Teen-monitoring technology comes with some unhealthy attachments

Wes: It’s been too long since we visited the issue of high-tech teen monitoring in this column. In the meantime, these gadgets have become affordable, powerful and well-marketed. Just the other day while whisking through commercials on TiVo, I caught a glimpse of a happy teen girl on her way to soccer practice, her tracking device shepherding her journey through the perils of urban life. The GPS device knew she had arrived and phoned her parents, who were presumably anxious to know that she was safe and sound. No controversies, no arguments — just a wonderful tool to help protect kids. Don’t want to go to that much trouble? Look no further than your child’s GPS-enabled cell phone to track him or her into every nook and cranny of civilization. Not so fast.

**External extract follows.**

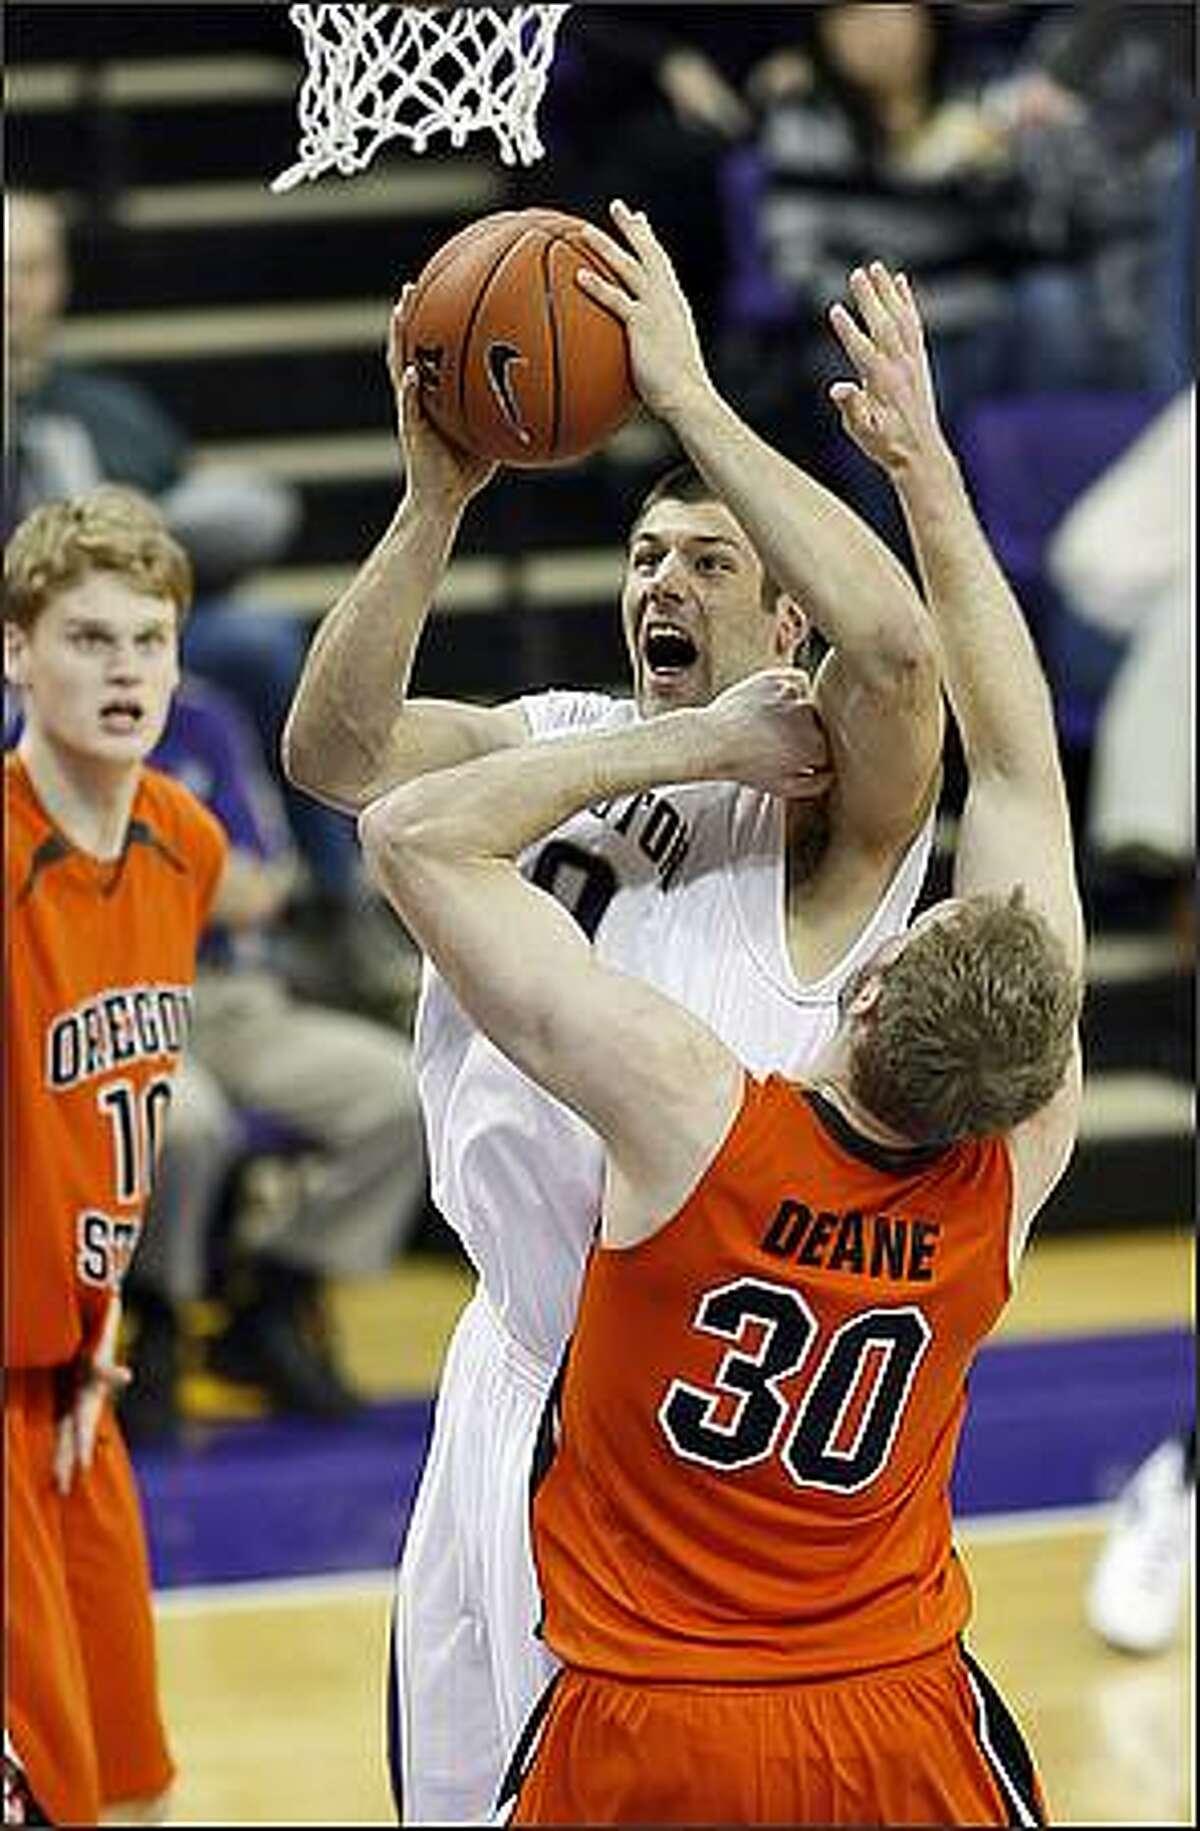 Washington Huskies Jon Brockman shoots over Oregon State Beavers Daniel Deane during first half action at the University of Washington.

What the advertisements forget to mention is the typical problem we face with every emerging technology. Our reach exceeds our grasp. Our knowledge creates things much faster than our wisdom teaches us to use them. So the idea of tracking teenagers may be a terrific way to maintain age-appropriate supervision, or it may be an intrusive violation of reasonable autonomy. The point of this column is not to answer that question but to be sure everyone has thought it through before selecting GPS as this year’s holiday gift.

Supervision requirements should change over a child’s life. Unless there are issues of behavior, addiction or mental illness, parents should never supervise a 16-year-old the way they do a 9-year-old. Neither should supervision vanish by mid-adolescence. New technologies make it possible to extend some level of supervision and oversight into the community, and it’s up to parents to determine what they want to know and what to do with that knowledge. In any supervision plan — electronic or not — it is vital that parents have a long-term strategy that grows with the child. Teenagers who were appropriately supervised through childhood and early pre-adolescence will find less fault with parents who continued an evolving supervision strategy, because they’ve simply come to expect it.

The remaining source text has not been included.